Le Smart Shoulder Bag de Longchamp et son fermoir bambou pour l’hiver
Un fermoir en bambou pris entre les doigts, une bandoulière qui glisse à l’épaule sans effort : le Le Smart Shoulder Bag de Longchamp ne cherche pas à impressionner. Il cherche à accompagner.
Un sac pensé pour le mouvement, pas pour la cérémonie
Avec la collection Winter 26, Longchamp propose un accessoire dont la logique est d’abord fonctionnelle. Le Smart Shoulder Bag se porte à l’épaule, sans superflu, sans contrainte de forme imposée par la structure. C’est précisément cette légèreté d’intention qui donne au sac son caractère quotidien.
Le cuir de veau choisi pour sa fabrication joue un rôle central dans cette sensation. Souple et dense à la fois, ce matériau gagne en caractère avec l’usage. Plutôt que de s’imposer comme une pièce que l’on sort pour l’occasion, le bag s’installe dans la routine, se glisse dans les journées ordinaires avec la même facilité qu’une veste bien coupée.
C’est dans cet esprit que la maison inscrit ce modèle dans sa ligne éditoriale Be Creative. Non pas comme un manifeste, mais comme une invitation à porter autrement, à porter librement.
Le détail qui fait toute la différence : le fermoir en bambou
Ce qui retient l’œil, c’est le fermoir. Longchamp a opté pour un fermoir en bambou, matériau naturel dont la texture et la teinte contrastent avec le velouté du cuir de veau. Ce choix n’est pas anodin : le bambou apporte une chaleur visuelle que le métal ne donnerait pas, une tonalité presque solaire qui change la lecture de l’ensemble.
Ouvrir et fermer ce type de fermoir est un geste différent. Plus lent, plus délibéré. Il crée une micro-ritualité dans le quotidien, une façon de toucher l’objet avant de l’utiliser. C’est ce genre de détail qui sépare un sac utilitaire d’un sac que l’on remarque.
Le bambou s’inscrit dans une certaine tradition artisanale, celle qui préfère la matière naturelle au composant industriel. Pour Longchamp, ce choix ancre le modèle dans une identité forte, sans avoir besoin d’en faire davantage.

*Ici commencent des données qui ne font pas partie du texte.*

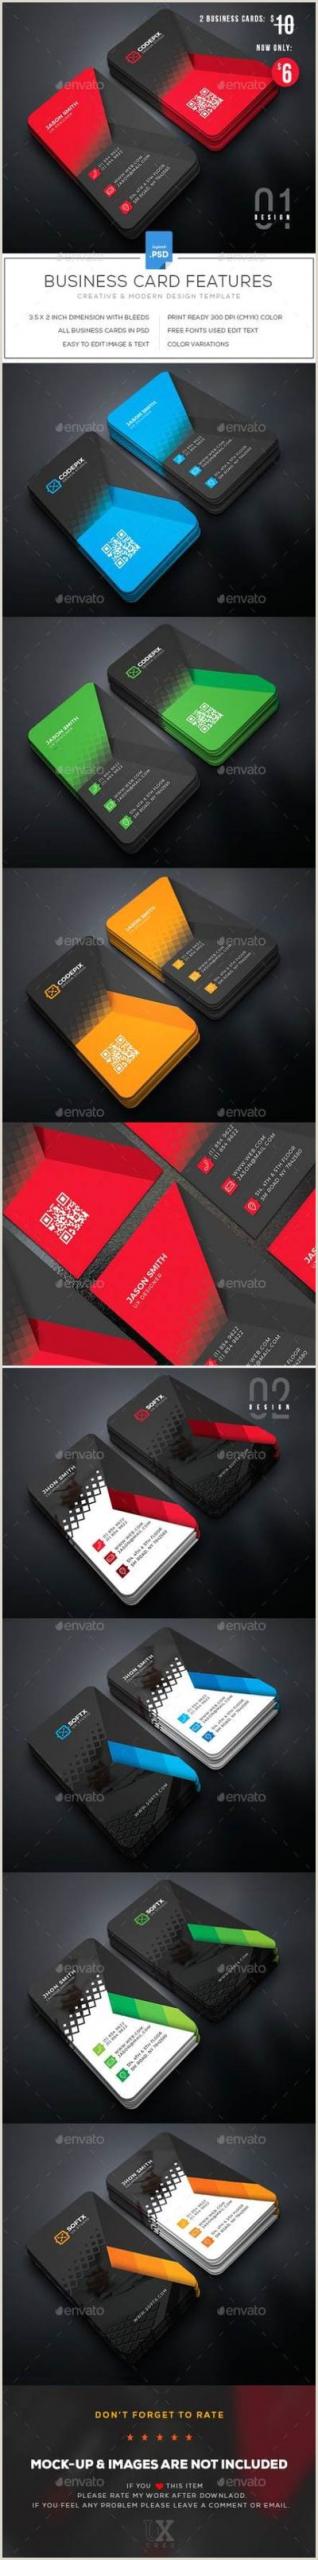 Business Card Simple Design Creative Modern Polygon Business Card

La ceinture intégrée : un geste de style discret
Autre particularité de conception : le Smart Shoulder Bag intègre un détail de ceinture dans sa structure. Ce n’est pas un ajout décoratif posé en surface. La ceinture fait partie de l’architecture même du sac, elle en rythme la silhouette et lui confère une allure légèrement décontractée, presque sportswear dans l’esprit.
Ce type de détail raconte quelque chose sur la façon dont la maison envisage l’accessoire pour cet hiver. Pas un objet figé, pas une forme fermée sur elle-même, mais un sac qui dialogue avec la silhouette de celle qui le porte. La ceinture intégrée suggère une certaine liberté de port, une adaptabilité au corps et au mouvement.
C’est une proposition cohérente avec le reste : cuir souple, fermeture naturelle, ligne ouverte. Tout concourt à une même sensation, celle d’un accessoire qui ne pèse pas.
L’image, signée Guillaume Sanner
Les photographies du Le Smart Shoulder Bag sont l’œuvre de Guillaume Sanner. Son regard sur le sac complète la proposition de Longchamp : traduire en image ce que la pièce porte comme intention, sans théâtraliser, sans surexposer.
Le choix d’un photographe pour mettre en scène un accessoire de collection dit souvent autant que l’accessoire lui-même. Ici, la cohérence entre la démarche de la maison et la sensibilité du photographe retenu pour Winter 26 renforce la ligne Be Creative. Ce n’est pas une campagne de plus. C’est une façon de regarder un sac pour ce qu’il est, sans artifice supplémentaire.